Metode yang dapat digunakan untuk melakukan penilaian kinerja adalah

dengan menggunakan pendekatan yang berorientasi masa lalu dan masa depan

(Mathis dan Jackson, 2006, p392-399).

1. Metode penilaian kinerja berorientasi masa lalu

Metode penilaian kinerja yang berorientasi masa lalu (past oriented

evaluation methods) dilakukan berdasarkan masa lalu. Dengan

mengevaluasi prestasi kinerja di masa lalu, karyawan dapat memperoleh

umpan balik dari upaya-upaya mereka. Umpan balik ini selanjutnya bisa

mengarah kepada perbaikan-perbaikan prestasi. Teknik-teknik penilaian

ini adalah sebagai berikut:

a. Skala peringkat (rating scale)

Penilaian prestasi di mana para penilai diharuskan melakukan suatu

penilaian yang berhubungan dengan hasil kerja karyawan dalam skala-

skala tertentu, mulai dari yang paling rendah sampai dengan yang

paling tinggi.

b. Daftar pertanyaan

Metode ini menggunakan formulir isian yang menjelaskan beraneka

macam tingkat perilaku bagi suatu pekerjaan tertentu. Penilai hanya

perlu memilih pernyataan yang menggambarkan karakteristik dan hasil

kerja karyawan.

14

c. Metode dengan pilihan terarah

Salah satu sasaran dasar pendekatan pilihan ini adalah untuk

mengurangi dan menyingkirkan kemungkinan berat sebelah penilaian

dengan memaksakan suatu pilihan antara pernyataan-pernyataan

deskriptif yang kelihatannya memiliki nilai yang sama.

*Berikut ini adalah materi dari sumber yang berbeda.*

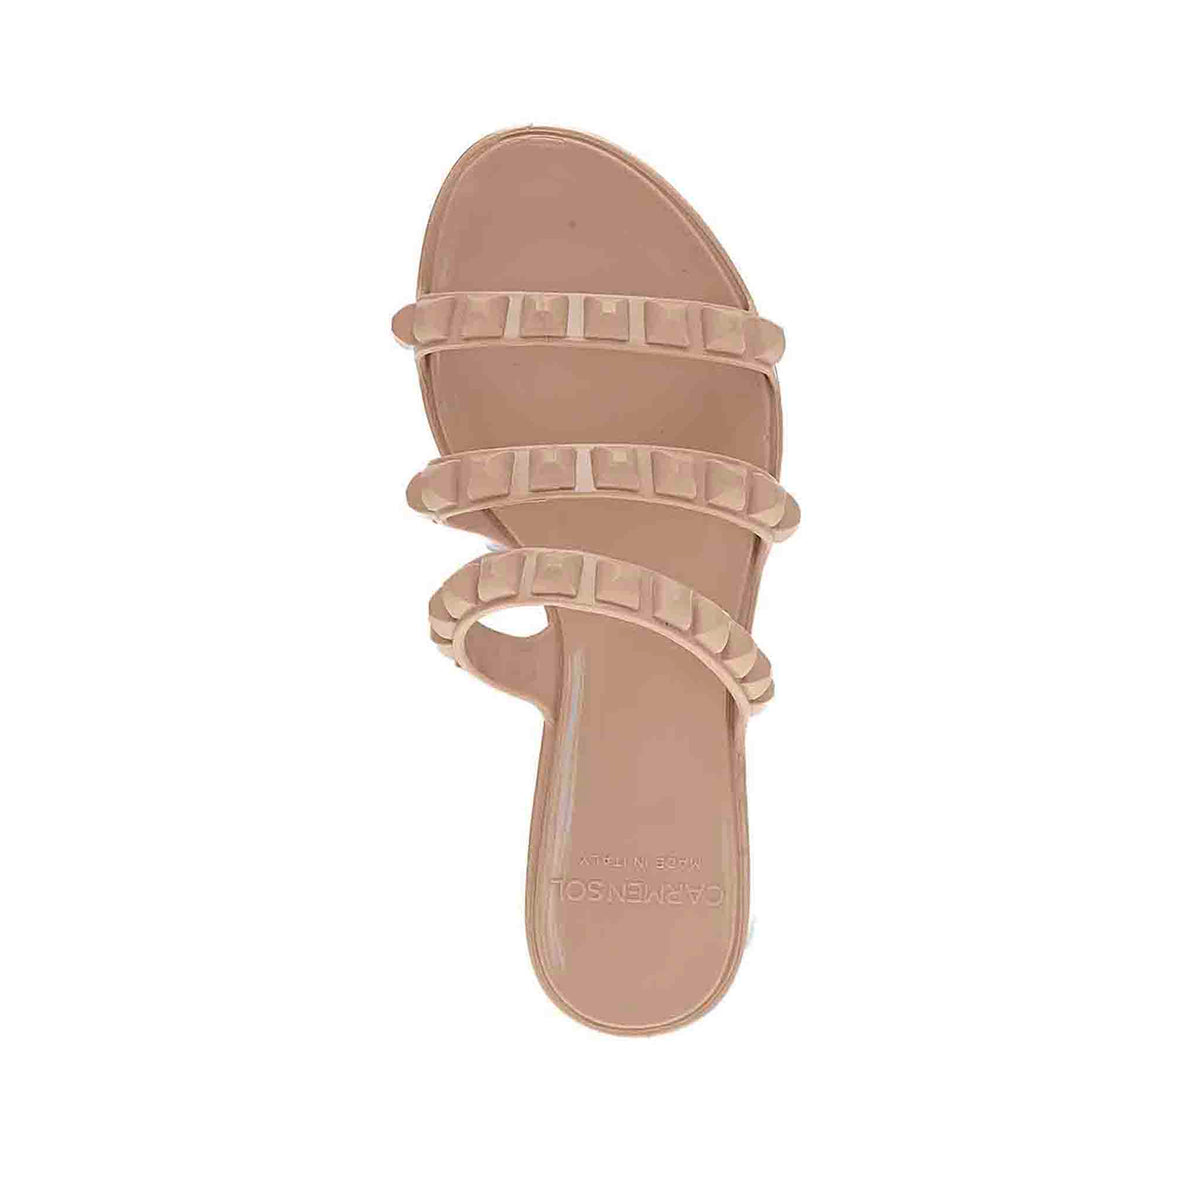 Maria 3 Strap Flat Jelly Sandals

d. Metode peristiwa kritis

Metode ini merupakan pemilihan yang mendasarkan pada catatan yang

dibuat penilai atas perilaku karyawan yang sangat kritis, seperti sangat

baik atau sangat jelek di dalam melaksanakan pekerjaan.

e. Metode catatan prestasi

Metode ini berkaitan erat dengan metode peristiwa kritis, yaitu catatan

penyempurnaan, yang banyak digunakan oleh professional.

f. Skala peringkat dikaitkan dengan tingkah laku

Metode ini merupakan suatu cara penilaian prestasi kerja karyawan

untuk kurun waktu tertentu di masa lalu dengan mengaitkan skala

peringkat prestasi kerja dengan perilaku tertentu.

g. Metode peninjauan lapangan

Penilai turun ke lapangan bersama-sama dengan ahli dari SDM.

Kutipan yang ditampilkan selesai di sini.